Sweden, despite its large size, is among the least biologically diverse countries in the world. Yet Linnæus assumed that the biological poverty of his home place was the norm. Linnæus’s trips outside Sweden were to the Netherlands, northern France, northern Germany, and England. These regions are slightly more southerly than Sweden, and yet, relatively speaking, they are much the same in terms of their biology. As seen and imagined by Linnæus, Earth’s landscape was, if not uniformly Swedish, at least Swede-ish. It was rainy and cold and populated by deer, mosquitoes, and biting flies and by beech, oak, aspen, willow, and birch trees. It was a landscape of delicate spring flowers, late summer berries, and fungi pressing up out of the ground in the wet fall, just in time to be eaten.

Figure 1.1. Population growth of humans over the last twelve thousand years. Prior to twelve thousand years ago, that is, before 10,000 BCE, human populations are thought to have never numbered more than about 100,000 globally, a tally that would not show up on this graph. Figure by Lauren Nichols.

Before the 1700s, scientists in different places and cultures had different systems for naming life. Linnæus codified and began to implement a universal system, a scientific common tongue, in which each species was given a genus name and a species name in Latin; humans, for example, would be Homo (our genus) sapiens (our species). He then considered the species near at hand. He studied and touched them, bestowing on them, as if in blessing, new names—Linnaean names.
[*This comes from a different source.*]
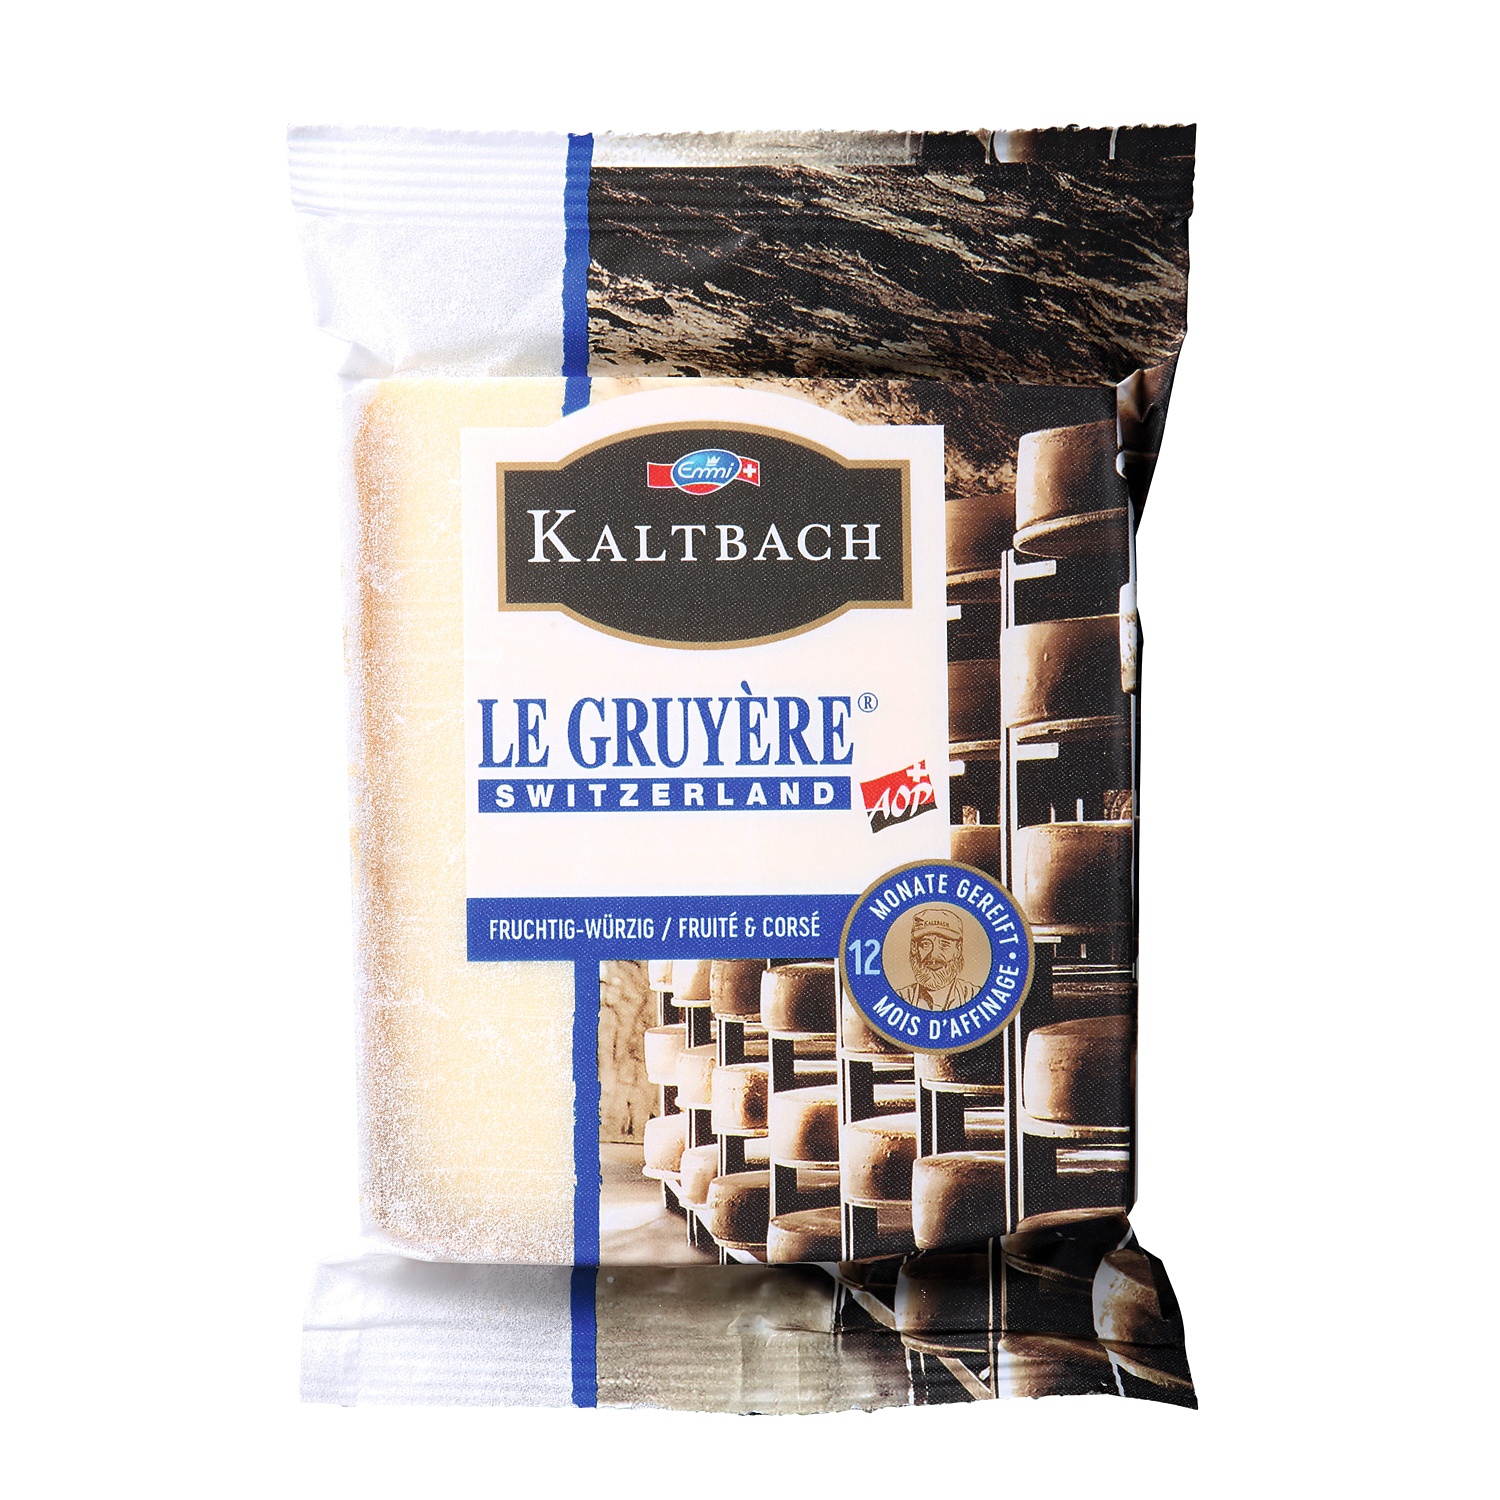 KALTBACH Fromage Emmi, Gruyère

Because Linnæus began renaming species in Sweden, the first species he renamed were Swedish and, more generally, northern European. The Western scientific tradition of naming all of life began with a Swedish bias. Even today, the farther you go from Sweden, the easier it is to discover a species new to science. Nor was Linnæus’s Swedishness his only bias. He was also inescapably human. It couldn’t have been otherwise. As a human, Linnæus tended to study the species around him that visually commanded his attention. Linnæus liked plants and had a particular fascination with their sex parts. But he also studied animals. Within the animal kingdom, vertebrates received most of his focus. Among the vertebrates, Linnæus tended to pay attention to mammals. Within mammals, Linnæus tended to ignore small species, such as the innumerable kinds of mice, preferring to feature bigger species. In general, his focus was either on species that were visually pleasing or obvious to him and to his colleagues, such as flowering plants, or on species that were enough like us in size or behavior to be both easily seen and relatable. In this way, his focus was both Eurocentric and anthropocentric. The scientists that Linnæus trained, and modestly called his “apostles,” for the most part followed in his footsteps and had similar biases. So too have most scientists since. These biases influence not only which species are named first,3 but also which species are studied in detail and especially which species are the subject of conservation efforts.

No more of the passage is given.